Calculate the Compound Interest

problem-solving
Published

June 5, 2024

Compound interest is the interest earned on both the principal amount and the accumulated interest from previous periods. It’s a powerful concept in finance, allowing your investments to grow exponentially over time. This post will guide you through calculating compound interest using Python, covering different scenarios and providing clear code examples.

Understanding the Formula

The fundamental formula for compound interest is:

\[ A = P \left( 1 + \frac{r}{n} \right)^{nt} \]

Where:

  • A = the future value of the investment/loan, including interest
  • P = the principal investment amount (the initial deposit or loan amount)
  • r = the annual interest rate (decimal)
  • n = the number of times that interest is compounded per year
  • t = the number of years the money is invested or borrowed for

Python Implementation: Basic Compound Interest

Let’s start with a simple Python function to calculate compound interest based on the formula above:

def calculate_compound_interest(principal, rate, time, n):
  """Calculates compound interest.

  Args:
    principal: The principal amount.
    rate: The annual interest rate (decimal).
    time: The number of years.
    n: The number of times interest is compounded per year.

  Returns:
    The future value of the investment/loan.
  """
  amount = principal * (1 + rate / n)**(n * time)
  return amount

principal = 1000  # Initial investment
rate = 0.05      # 5% annual interest rate
time = 5         # 5 years
n = 1            # Compounded annually

future_value = calculate_compound_interest(principal, rate, time, n)
print(f"Future value after {time} years: ${future_value:.2f}")

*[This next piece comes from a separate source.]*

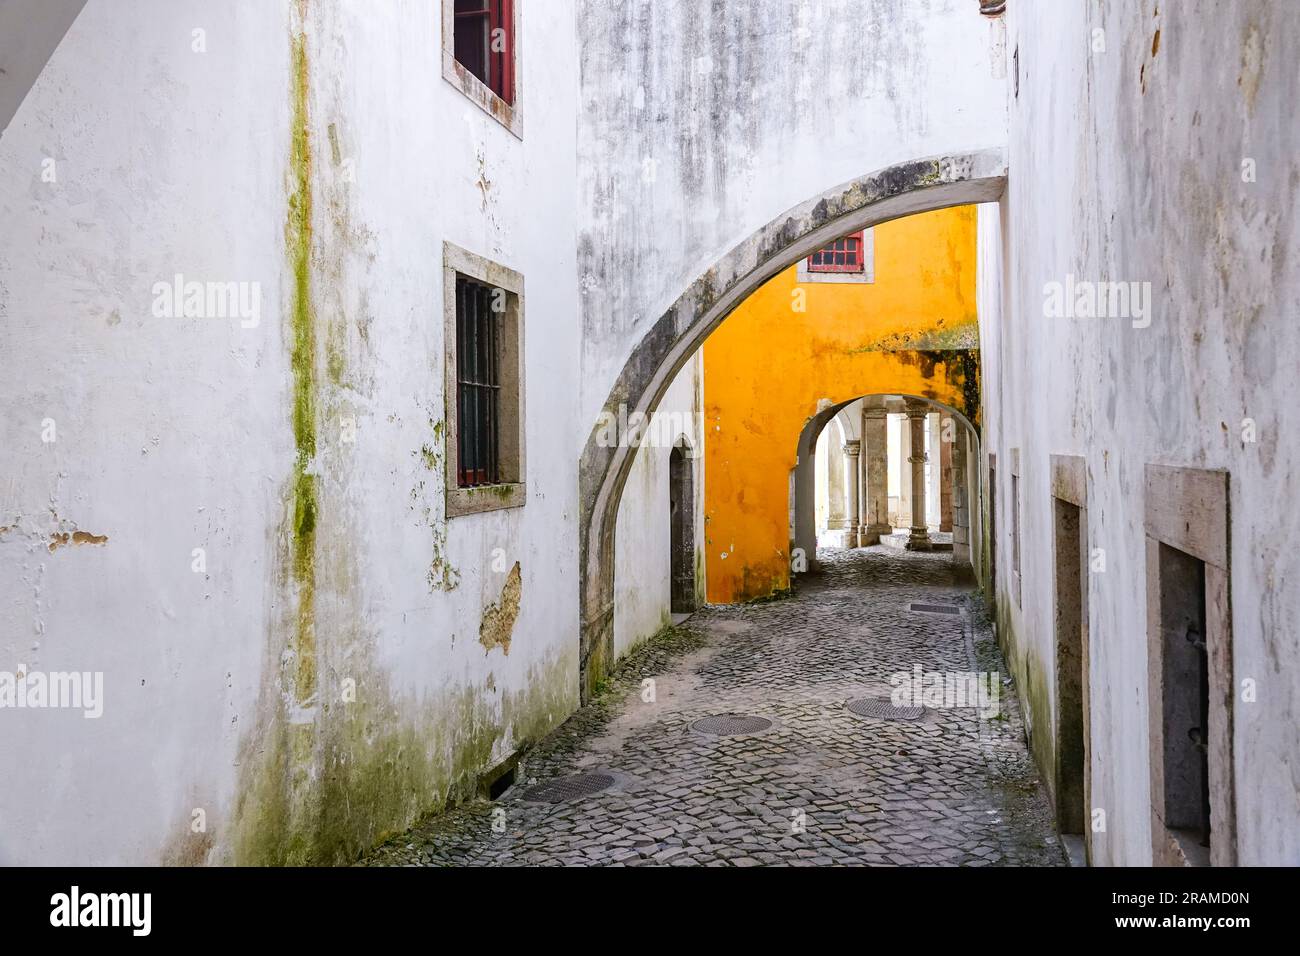 The carriage entrance under the historic Sintra National Palace or in Palácio Nacional de Sintra in Sintra, Portugal. The Romanticist architectural and fairytale palaces draws tourists from around the world. Stock Photo

# Future value after 5 years: $1276.28

This function takes the principal amount, annual interest rate, time period, and compounding frequency as input and returns the future value. The example shows how to use the function with annual compounding.

Handling Different Compounding Frequencies

The n parameter in the formula allows for different compounding frequencies. Let’s modify the example to demonstrate:

principal = 1000
rate = 0.05
time = 5

future_value_annual = calculate_compound_interest(principal, rate, time, 1)
print(f"Future value (annual compounding): ${future_value_annual:.2f}")

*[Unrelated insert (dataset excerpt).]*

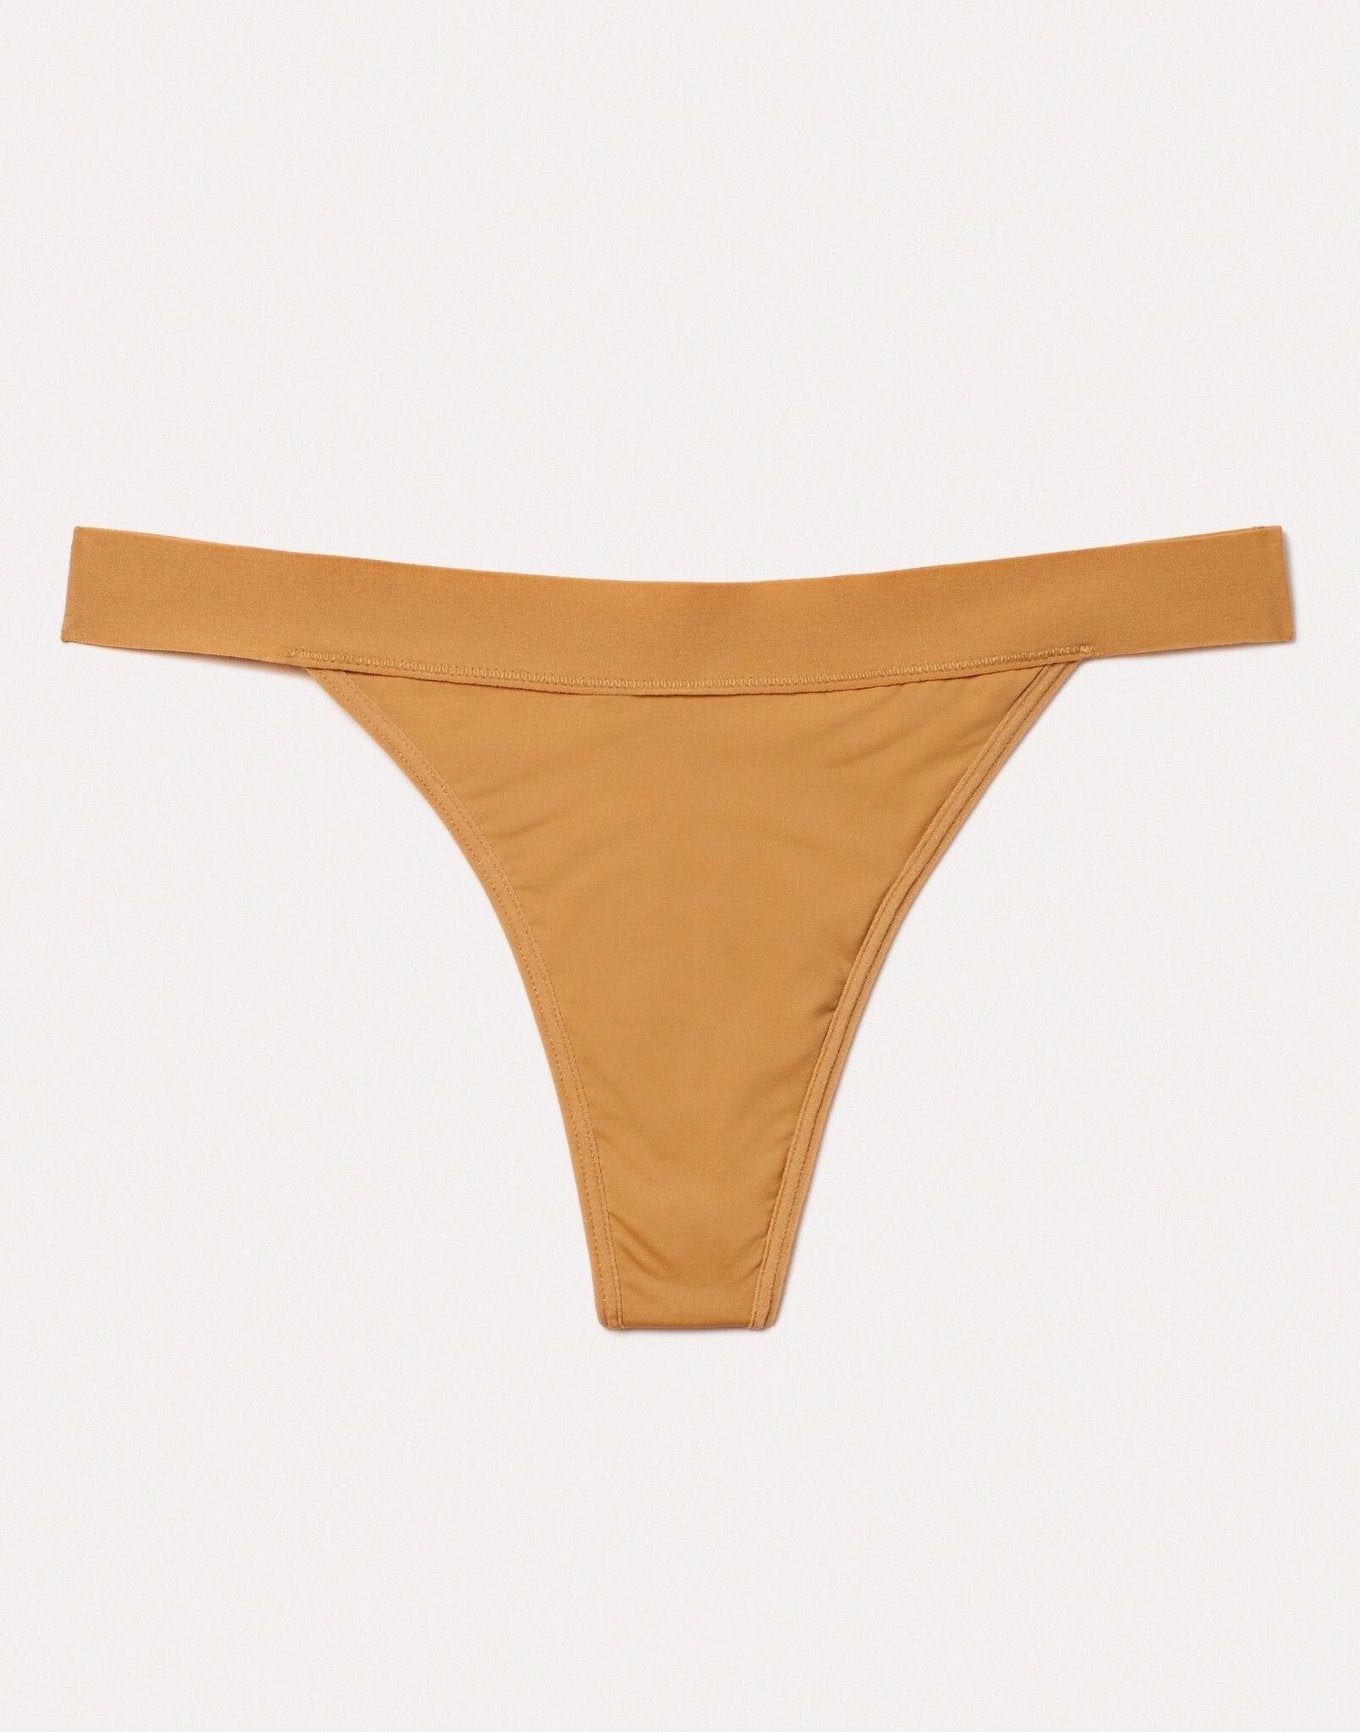 Joyja Leah period-proof panty in color Sand Dry and shape thong

future_value_semi_annual = calculate_compound_interest(principal, rate, time, 2)
print(f"Future value (semi-annual compounding): ${future_value_semi_annual:.2f}")

future_value_quarterly = calculate_compound_interest(principal, rate, time, 4)
print(f"Future value (quarterly compounding): ${future_value_quarterly:.2f}")

future_value_monthly = calculate_compound_interest(principal, rate, time, 12)
print(f"Future value (monthly compounding): ${future_value_monthly:.2f}")

# Future value (annual compounding): $1276.28
# Future value (semi-annual compounding): $1280.08
# Future value (quarterly compounding): $1282.04
# Future value (monthly compounding): $1283.36

This code snippet shows how changing the n value affects the final amount. As you can see, more frequent compounding leads to slightly higher returns.

Continuous Compounding

In the case of continuous compounding, the formula changes slightly:

\[ A = P e^{rt} \]

where ‘e’ is the mathematical constant approximately equal to 2.71828. Let’s add a function for this:

import math

def calculate_continuous_compound_interest(principal, rate, time):
  """Calculates compound interest with continuous compounding."""
  amount = principal * math.exp(rate * time)
  return amount

principal = 1000
rate = 0.05
time = 5

future_value_continuous = calculate_continuous_compound_interest(principal, rate, time)
print(f"Future value (continuous compounding): ${future_value_continuous:.2f}")

# Future value (continuous compounding): $1284.03

This demonstrates how to calculate compound interest with continuous compounding using the math.exp() function.